The light from a glowing object becomes more dilute as it spreads out from the object in a predictable way. The light covers larger and larger concentric spheres centered on the object, so that the object appears dimmer with the square of the distance. An object will appear four times dimmer when it is twice as far away, it will appear nine times dimmer when it is three times as far away, etc. Since the light-gathering power depends on the square of the diameter of the objective, the distance that an object can be detected increases as just the diameter of the objective (no square). Some examples are given in the figure below. Consider another example of how much further one could see with the 10-meter Keck telescope than with the human eye. The largest the pupil of the eye can dilate is 9 mm (for a young eye—older eyes do not dilate as much). So the Keck telescope at 10 meters x 1000 mm/meter = 10,000 mm across can see an object at least 10,000/9 = 1111 times further away than with the unaided, dark-adapted eye.

Inverse square law and the detectable distance

8.3.2 Resolving Power

Another important power of a telescope is its ability to make us see really small details and see sharp images. This is its resolving power. Objects that are so close together in the sky that they blur together into a single blob are easily seen as separate objects with a good telescope. The resolving power is measured in the absolute smallest angle that can be resolved. The absolute minimum resolvable angle (smallest visible detail) in arc seconds thetaR = 252,000 × (observation wavelength) / (objective diameter). The wavelength and diameter must be measured in the same length units (i.e., both wavelength and objective diameter given in meters or both in nanometers). A telescope with one arc second resolution would be able to see a dime from about 3.7 kilometers (2.3 miles) away. Modern telescopes are able to count the number of lines in President Roosevelt’s hair on a dime at that distance.

 

resolution depends on number of wavelengths that fit across the objective

The desire is to make thetaR as small as possible. This can be done by making the observation wavelength small (e.g., use UV instead of visible light) or by making the objective diameter large. Another way to understand it is the more waves that can be packed on the objective, the more information the telescope detects and, therefore, the more detailed the image is. A 40-centimeter telescope has twotimes the resolution of a 20-centimeter telescope at the same observing wavelength (thetaR for the 40-centimeter telescope is one-half the thetaR for the 20-centimeter telescope). However, fluctuations in the atmosphere will usually smear images into a fuzzy blob about one arc second or more across so the resolution is usually limited to the resolution from a 12.5-centimeter telescope on the ground. I will discuss the atmosphere’s effect on images further in the another section and ways you can compensate for it.

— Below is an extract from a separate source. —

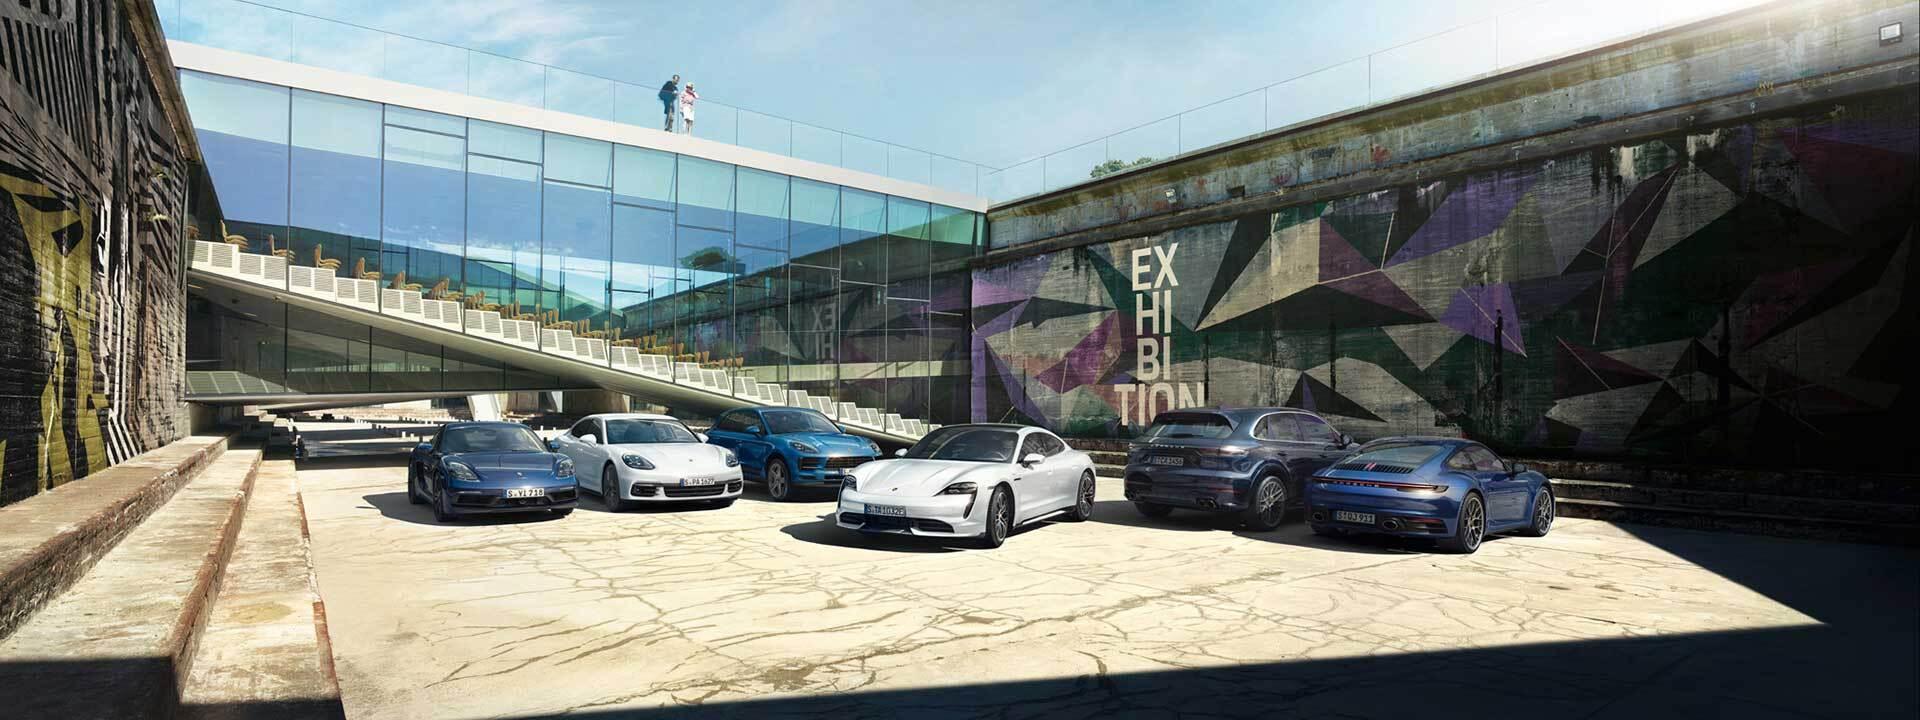 The Porsche lineup in Newark, DE

Aerial view of Arecibo The desire for greater resolving power is the main reason why radio telescopes are so enormous compared to their optical counterparts. Radio wavelengths are LARGE so the radio telescope must be LARGE to get decent resolving power (and also to increase the signal strength of the low-energy radio waves—light-gathering power!). The Keck 10-meter telescope is considered a very large optical telescope. However, it is easily dwarfed by the HUGE 305-meter Arecibo Radio Telescope at the Arecibo Observatory. A picture of this telescope is shown at left. This telescope was built in a natural bowl-shaped valley in Puerto Rico. Clicking on the image will show the telescope from other perspectives.

 

interferometers improve resolution

Another way to increase the resolution is to connect telescopes together to make an interferometer. Radio waves from an object reach each telescope in the interferometer at slightly different times, so the waves are out of sync with one another. Knowing the distances between the telescopes and how out of sync the waves are, the signals can be combined electronically to create an image of exceptional resolution. The image has the same sharpness as one taken by a single instrument that would extend from one end of the interferometer to the other. The light-gathering power is equal to the sum of the light-gathering powers of each individual telescope. To learn more about the principles of interferometry, see NASA/JPL’s Origins Explorers cartoon.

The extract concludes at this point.